OBJECTIVE ART
- smcculley
- Sep 12, 2024
- 3 min read
OBJECTIVE ART
When we say the word ‘Art’ the usual association is something visual, usually paintings. Yet art encompasses all creative endeavors including painting, sculpture, authorship of poetry, plays and prose, music, architecture, and so on. Some crafts encompass the arts as well. Think of fine Venetian glass. For jewelry, we need look no further than the great master goldsmith and jeweler, Carl Faberge. There are other examples of crafts that touch the arts.
And what of ‘objective art’? What does ‘objective art’ mean, and how can we recognize an objective work of art, and why is it important?

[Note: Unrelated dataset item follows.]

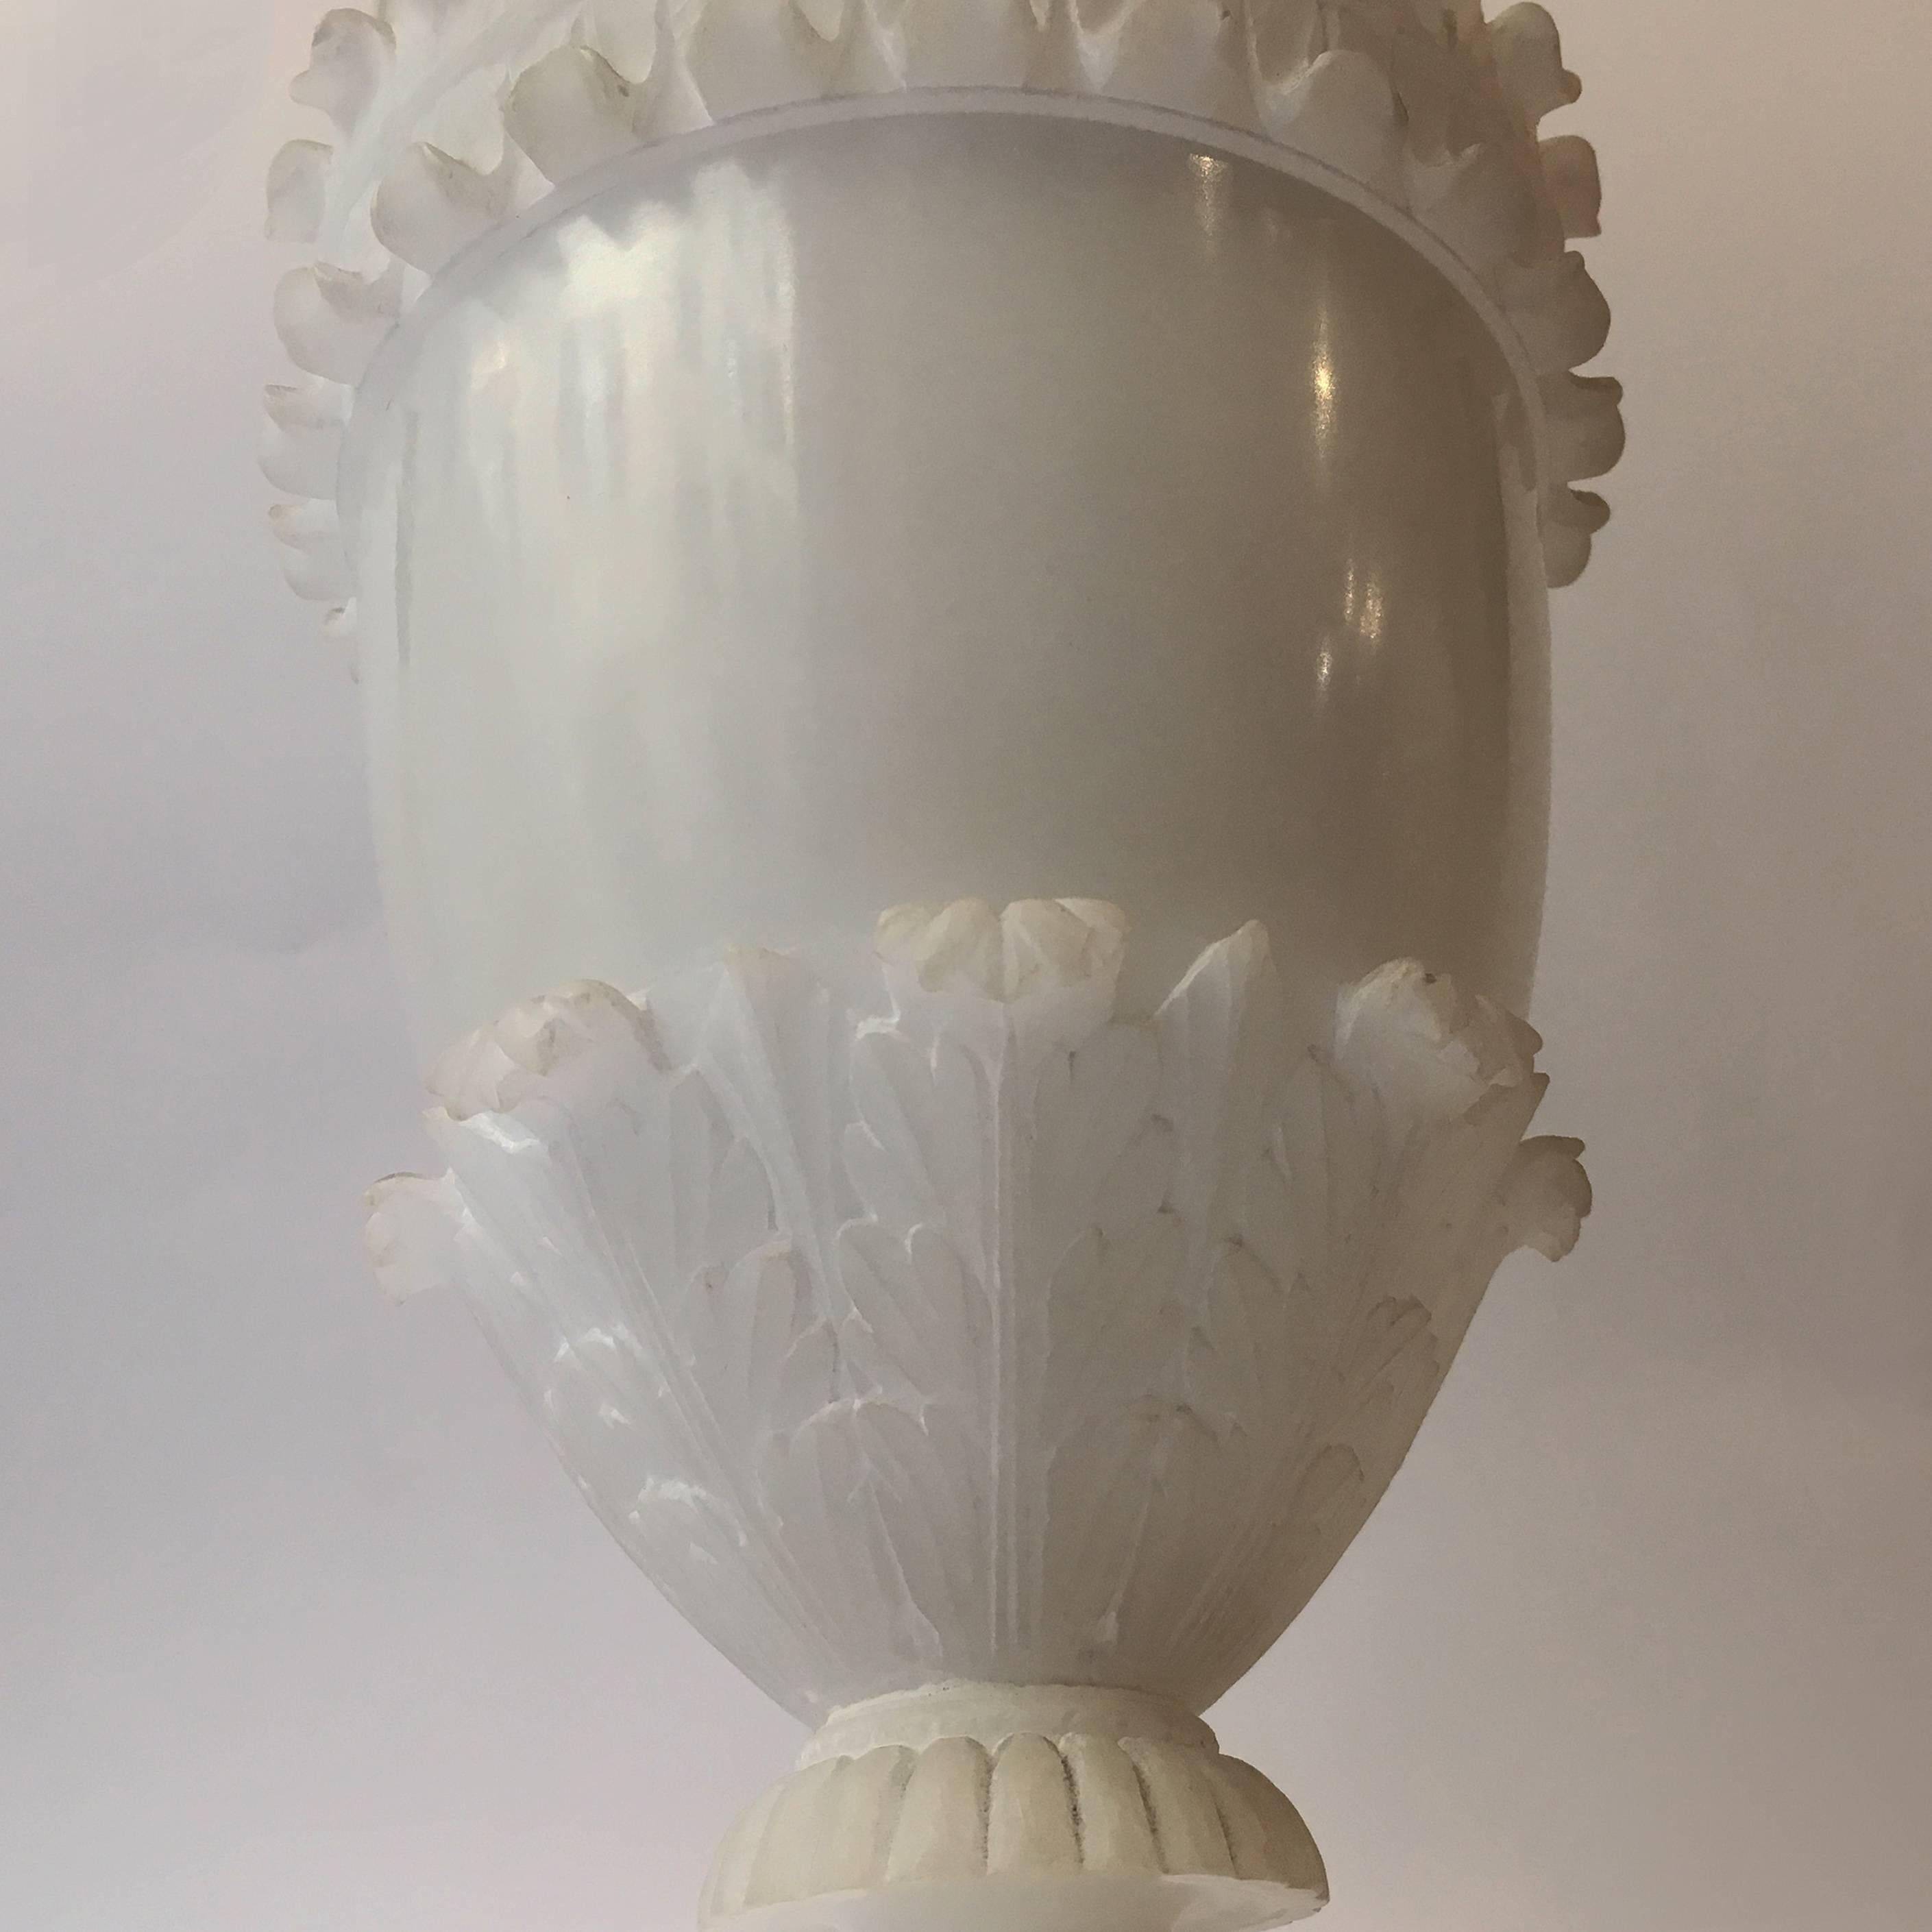 18th Century 19th Century Italian Pair of Hand-Carved Neoclassical Alabaster Vases or Urns For Sale

Objective art is produced by a conscious artist, and the work produces the same higher state in different people.
Subjective art is created by unconscious artists and produces different states in individuals based on their type, center of gravity, and so on.
Another way of saying this is conscious art is always a representation of higher states, and serves both as a the third force to engage presence, as well as as a map to higher centers. Conscious works, that is, objective works of art, contains the same conscious energy with which the artist created it, thus producing the same conscious state in those who encounter it. Because objective art is created in an objective state of consciousness, it has it’s own specific ‘language as it were; the language of consciousness. There may be words attached to the state, or music or imagery. This language though, can only be accessed and understood in a higher state of consciousness.
Looking into the fourteenth century Tibetan Tanka, we see a simple, yet unmistakable representation of the human machine and it’s conscious possibilities, a picture of the four lower centers and higher centers. There are four large circular images. At each corner of the tanka are three circles. We can discern that these circles represent the moving-instinctive, intellectual and emotional divisions of the lower center the large circle represents. There are four kings of centers depicted at the top, bottom and either side. In the center of the tanka resides the portrayal of higher centers. Within this tanka there’s even more information, more than my current level of understanding allows. There are other similar ancient and not so ancient works.
We can say that these works carry the message; the great message of inconspicuous presence. Futhrrmore, if what higher centers created a hundred, a thousand, a millennia, or even eons before we encountered their creations, and we are brought to a higher state through the experience, this means that higher centers can communicate through space and time, providing of course, that we too ‘speak’ or understand their mystical language.
How to read or interpret the message of conscious evolution is what a school is designed for. Learning how to be present, with the guidance of a teacher who already understands these great works, allows the students themselves to recognize and decipher how previous schools used objective art to transmit objective knowledge and thus experience an objective state.
In his book In Search of the Miraculous Ouspensky records a conversation with Gurdjieff describing objective art:
“There are figures of gods and of various mythological beings that can be read like books, only not with the mind but with the emotions, provided they are sufficiently developed. In Central Asia we found a strange figure which we thought at first was some ancient god or devil. At first it produced upon us simply the impression of being a curiosity. But after a while we began to feel that this figure contained many things, a big, complete, and complex system of cosmology. And slowly, step by step, we began to decipher this system. It was in the body of the figure, in its legs, in its arms, in its head, in its eyes, in its ears; everywhere. In the whole statue there was nothing accidental, nothing without meaning. And gradually we understood the aim of the people who built this statue. We began to feel their thoughts, their feelings. Some of us thought that we saw their faces, heard their voices. At all events, we grasped the meaning of what they wanted to convey to us across thousands of years, and not only the meaning, but all the feelings and the emotions connected with it as well. That indeed was art!”